Predictive biomarkers for the efficacy of peptide vaccine treatment

based on the results of a phase II study on advanced pancreatic cancer

Yoshitaro Shindo, Shoichi Hazama, Nobuaki Suzuki, Haruo Iguchi, Kazuhiro Uesugi, Hiroaki Tanaka, Atsushi Aruga, Takashi Hatori, Hidenobu Ishizaki, Yuzo Umeda, Toshiyoshi Fujiwara, Tetsuya Ikemoto, Mitsuo Shimada, Kazuhiko Yoshimatsu, Hiroko Takenouchi, Hiroto Matsui, Shinsuke Kanekiyo, Michihisa Iida, Yasunobu Koki, Hideki Arima & 8 others Hiroyuki Furukawa, Tomio Ueno, Shigefumi Yoshino, Tomonobu Fujita, Yutaka Kawakami, Yusuke Nakamura, Masaaki Oka, Hiroaki Nagano

Research output: Contribution to journalArticle

4 Citations (Scopus)

Abstract

BACKGROUND: The purpose of the present study was to explore novel biomarkers that can predict the clinical outcome of patients before treatment or during vaccination. These would be useful for the selection of appropriate patients who would be expected to exhibit better treatment outcomes from vaccination, and for facilitating the development of cancer vaccine treatments.

METHODS: From a single-arm, non-randomized, human leukocyte antigen (HLA)-A-status-blind phase II trial of a vaccine treatment using three HLA-A*2402-restricted peptides for advanced pancreatic cancer (PC), we obtained peripheral blood samples from 36 patients of an HLA-A*2402-matched group and 27 patients of an HLA-A*2402-unmatched group.

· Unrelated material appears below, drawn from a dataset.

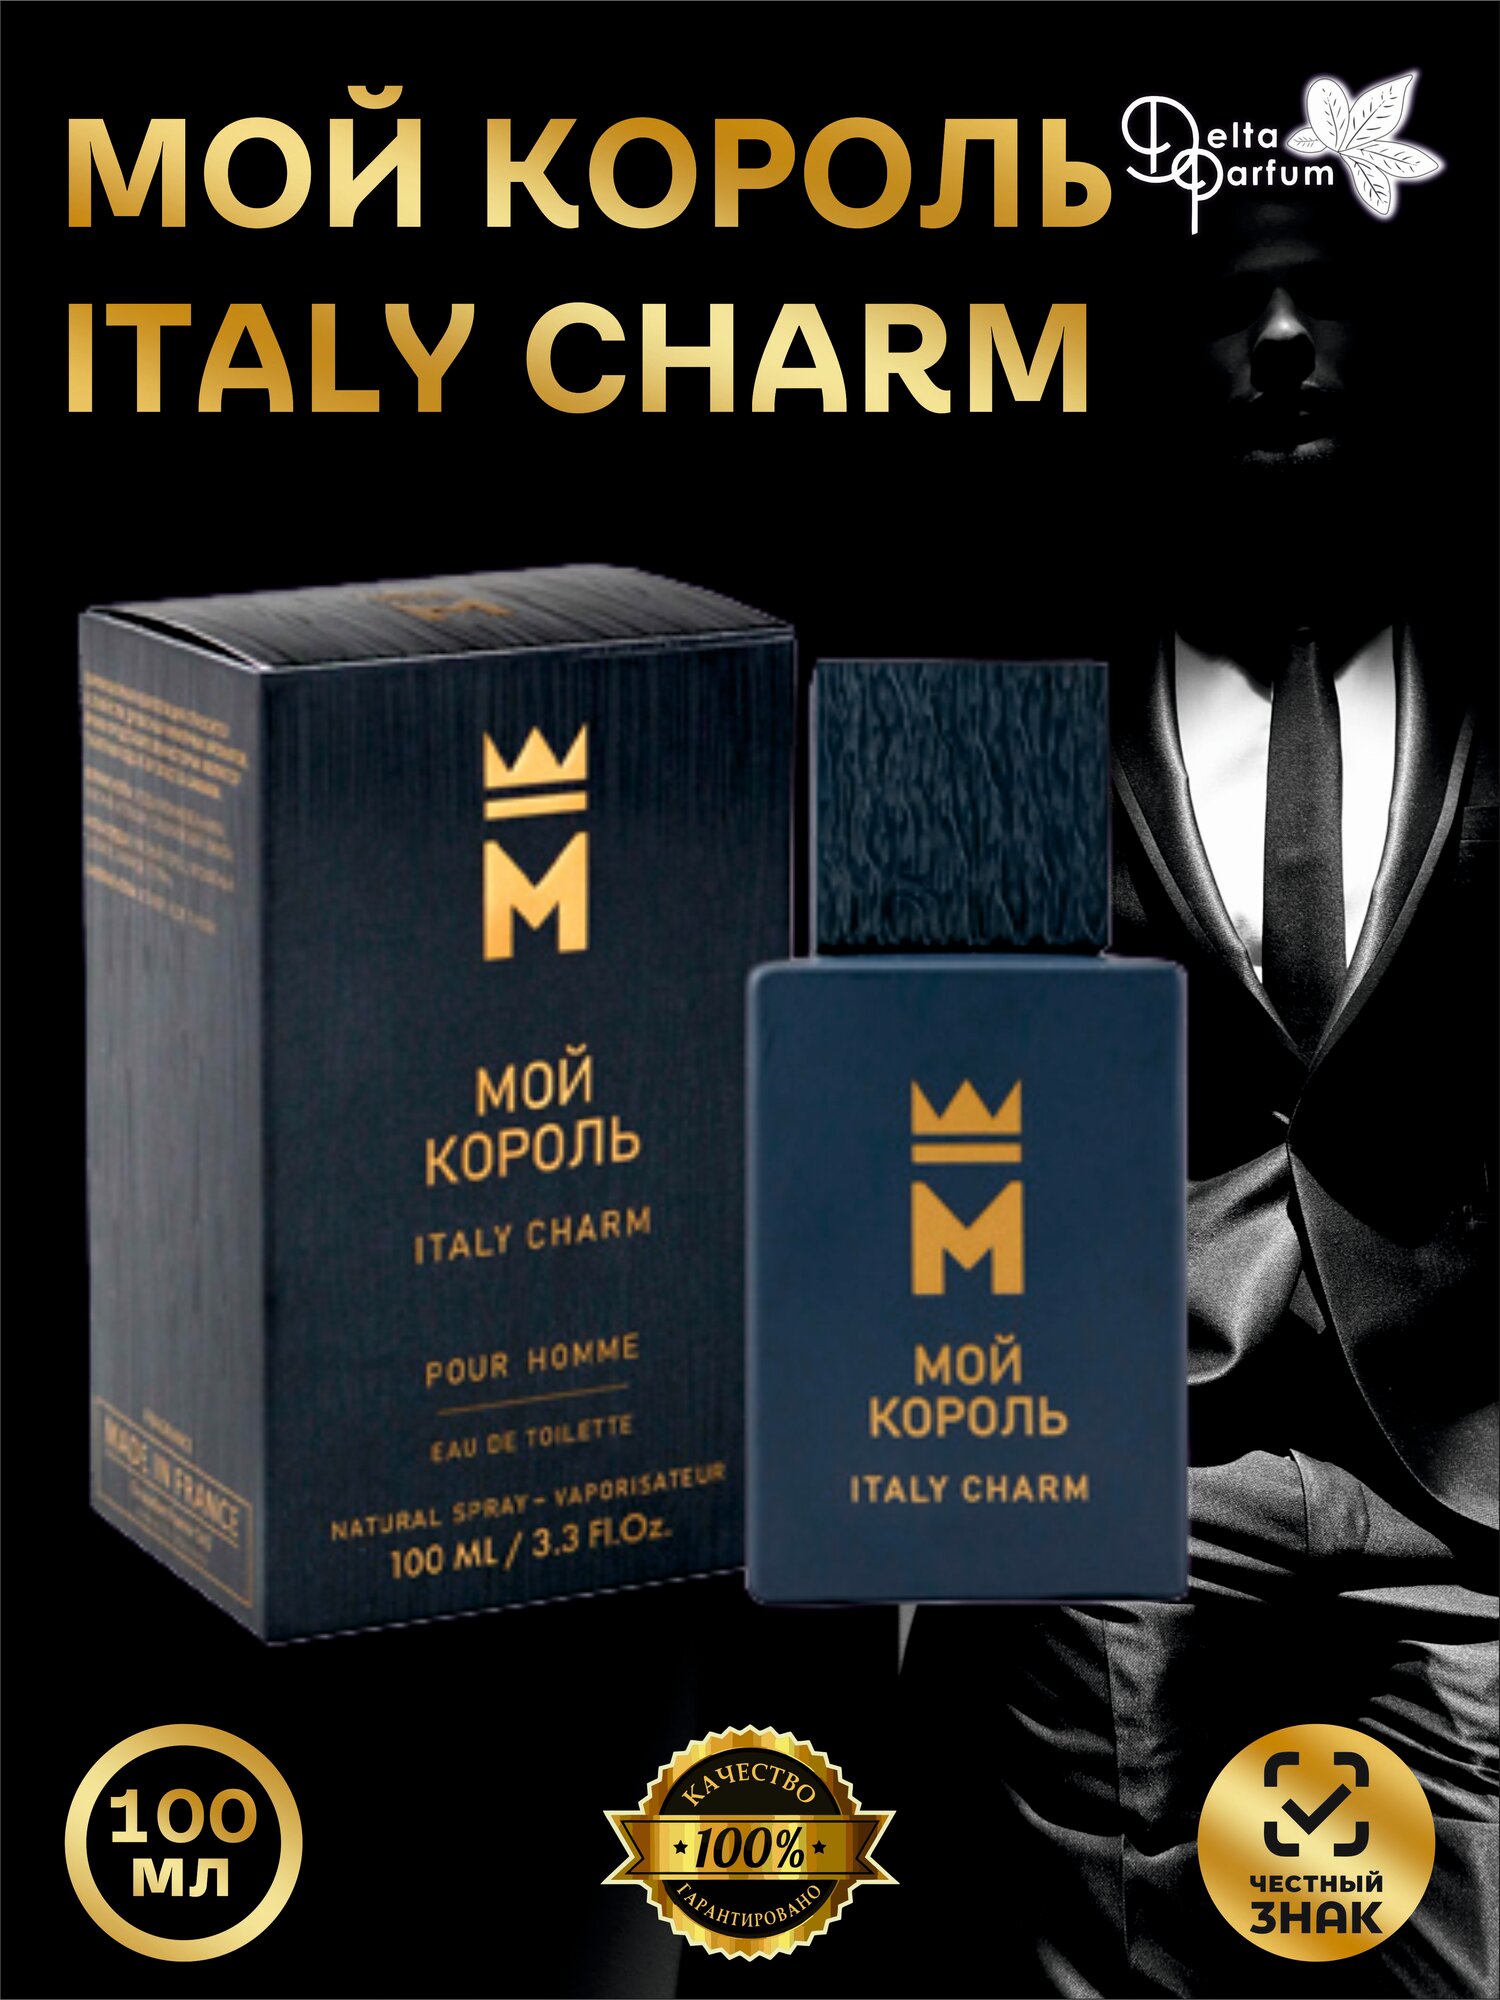 TODAY PARFUM (Delta parfum) Туалетная вода мужская Мой Король Italy Charm

RESULTS: Multivariate analysis (HR = 2.546; 95% CI = 1.138 to 5.765; p = 0.0231) and log-rank test (p = 0.0036) showed that a high expression level of programmed death-1 (PD-1) on CD4+ T cells was a negative predictive biomarker of overall survival in the HLA-A*2402-matched group . Moreover, a high expression level of PD-1 on CD4+ T cells was a negative predictor for the induction of cytotoxic T lymphocytes (p = 0.0007). After treatment, we found that the upregulation of PD-1 and T cell immunoglobulin mucin-3 (Tim-3) expression on CD4+ and CD8+ T cells was significantly associated with a poor clinical outcome in the HLA-A*2402-matched group (p = 0.0330, 0.0282, 0.0046, and 0.0068, respectively). In contrast, there was no significant difference for these factors in the HLA-A*2402-unmatched group.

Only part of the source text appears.